To be clear, in the rest of this text, I am talking about how an LLM could behave like an adversarial developer when it generates code. It does not mean that I ran one of the commercial LLMs and got those results.

2. Property-Based Testing

The point of Scott’s talk was to show that a few data points (typical unit tests) are insufficient to demonstrate correctness of the implementation. A totally valid point!

In addition to the standard unit tests, we should also write the expected properties of our implementation. The PBT frameworks test the code by producing input values at random. For example, have a look at Hypothesis. While this may seem to be a silly idea at first, property-based tests may uncover tricky bugs. Moreover the input value distribution does not have to be uniform. Keep reading to see how this helps us catch the adversarial developer.

Here are the three properties of addition that Scott used to defeat the adversarial developer:

  • identity: for any number $x$, $x + 0 = x$,
  • commutativity: for any numbers $x$ and $y$, $x + y = y + x$, and
  • associativity: for any numbers $x$, $y$, and $z$, $(x + y) + z = x + (y + z)$.

At this point of the talk, I was like: Wait a minute! I could continue this game of the adversarial developer. Before continuing with the game, let’s look at where we are with respect to the code and the properties. Here is the obvious implementation of integer addition in Python, since the language has built-in support for unbounded integers:

def add(a: int, b: int) -> int:
    return a + b

Here are the property-based tests in Hypothesis, generated by Claude Sonnet 4.5:

@given(st.integers())
def test_identity(a):
    """Test identity property: a + 0 = a."""
    assert add(a, 0) == a
    assert add(0, a) == a


@given(st.integers(), st.integers())
def test_commutativity(a, b):
    """Test commutativity property: a + b = b + a."""
    assert add(a, b) == add(b, a)


@given(st.integers(), st.integers(), st.integers())
def test_associativity(a, b, c):
    """Test associativity property: (a + b) + c = a + (b + c)."""
    assert add(add(a, b), c) == add(a, add(b, c))

You can find these and further examples in the example repository.

We run these tests with pytest to make sure that they all pass:

$ git clone https://github.com/konnov/pbt-example-summation.git
$ cd pbt-example-summation/python
$ poetry run pytest tests/test_add.py \
  -k "test_identity or test_commutativity or test_associativity" --verbose
...
tests/test_add.py::test_identity PASSED                                        [ 33%]
tests/test_add.py::test_commutativity PASSED                                   [ 66%]
tests/test_add.py::test_associativity PASSED                                   [100%]

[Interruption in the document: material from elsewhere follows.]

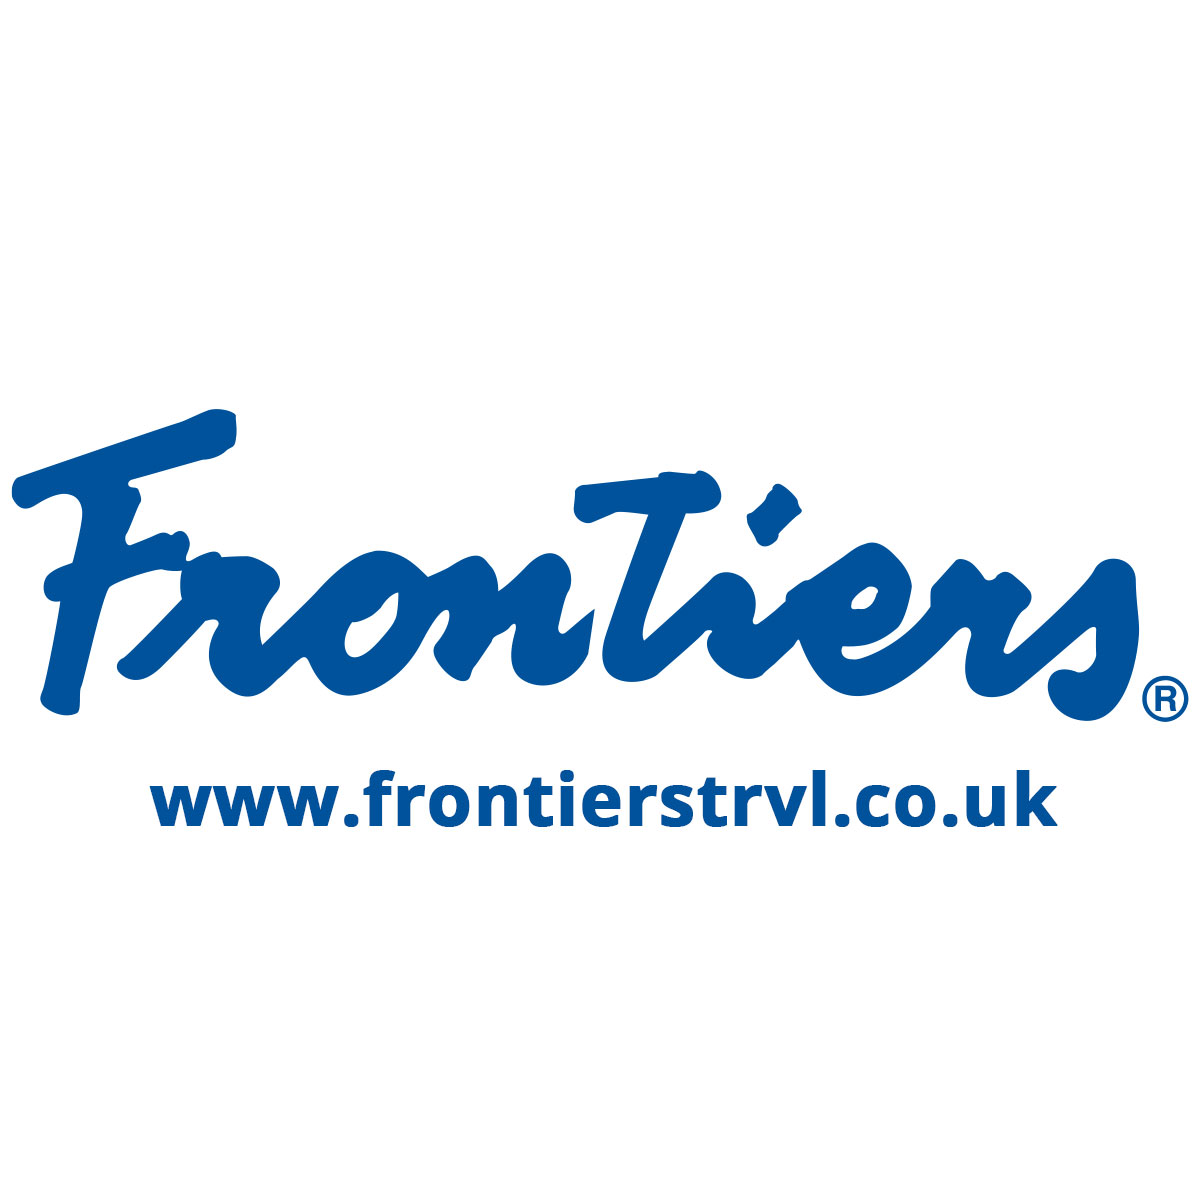 (c) Frontierstrvl.co.uk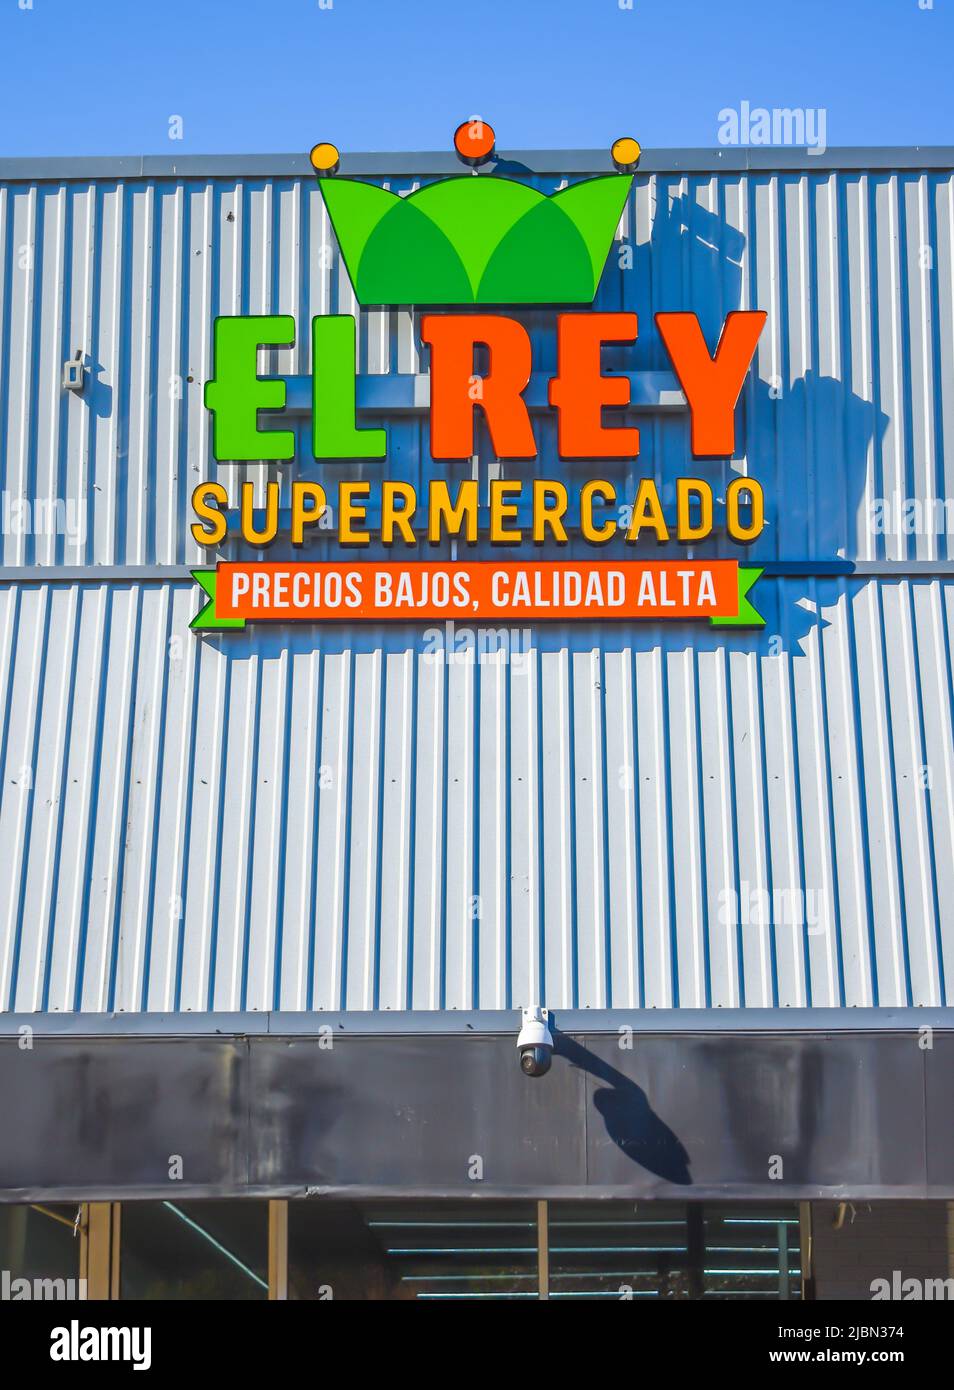 El Rey Supermarkt Außenfassade Marke und Logo Signage in grün und orange auf einem weißen, gerippten Metalldach mit einem klaren blauen leuchtenden Himmel. Stockfoto

3. Symbolic model checking with Apalache

I decided to go even further and write a TLA+ specification, to check the three properties with Apalache and Z3 (only show the relevant parts):

----------------------------------- MODULE Add --------------------------------
(*
 * A simple TLA+ specification of different kinds of addition.
 *
 * Igor Konnov, 2025
 *)
EXTENDS Integers

VARIABLE
    \* @type: Int;
    x,
    \* @type: Int;
    y,
    \* @type: Int;
    z

AddMath(a, b) == a + b

InitMath ==
    /\ x \in Int
    /\ y \in Int
    /\ z \in Int

Next == UNCHANGED <<x, y, z>>

Identity(F(_, _)) ==
    F(x, 0) = x

Commutativity(F(_, _)) ==
    F(x, y) = F(y, x)

Associativity(F(_, _)) ==
    F(F(x, y), z) = F(x, F(y, z))

InvMath ==
    /\ Identity(AddMath)
    /\ Commutativity(AddMath)
    /\ Associativity(AddMath)

With the above specification, we define a very simple state machine that non-deterministically picks three integers x, y, and z with InitMath. These variables do not change in the state machine, as you can see from the definition of Next. We use x, y, and z to define three properties of addition: Identity, Commutativity, and Associativity. As you can see, these definitions are parameterized by the operator F, which is Add for now. Our invariant InvMath is simply the conjunction of the three properties.

This is how we run Apalache to check the invariant:

$ cd pbt-example-summation/tla-spec
$ docker pull ghcr.io/apalache-mc/apalache
$ docker run --rm -v `pwd`:/var/apalache ghcr.io/apalache-mc/apalache \
  check --length=0 --init=InitMath --inv=InvMath Add.tla

With the above command, we tell Apalache to check the invariant InvMath starting from the initial state InitMath. The --length=0 option tells Apalache to unroll Next zero times, which is sufficient in our case, since the state machine does not change the variables.

4. Playing adversarial

Ok, the code and the specification above seem to be correct. But what if our friendly AI produced something unexpected?

4.1. Hallucinating addition over 32-bit unsigned integers

Since we are dealing with an adversarial developer, they could simply use a different definition of addition. So far, we have been talking about unbounded mathematical integers, which Python conveniently implements for us.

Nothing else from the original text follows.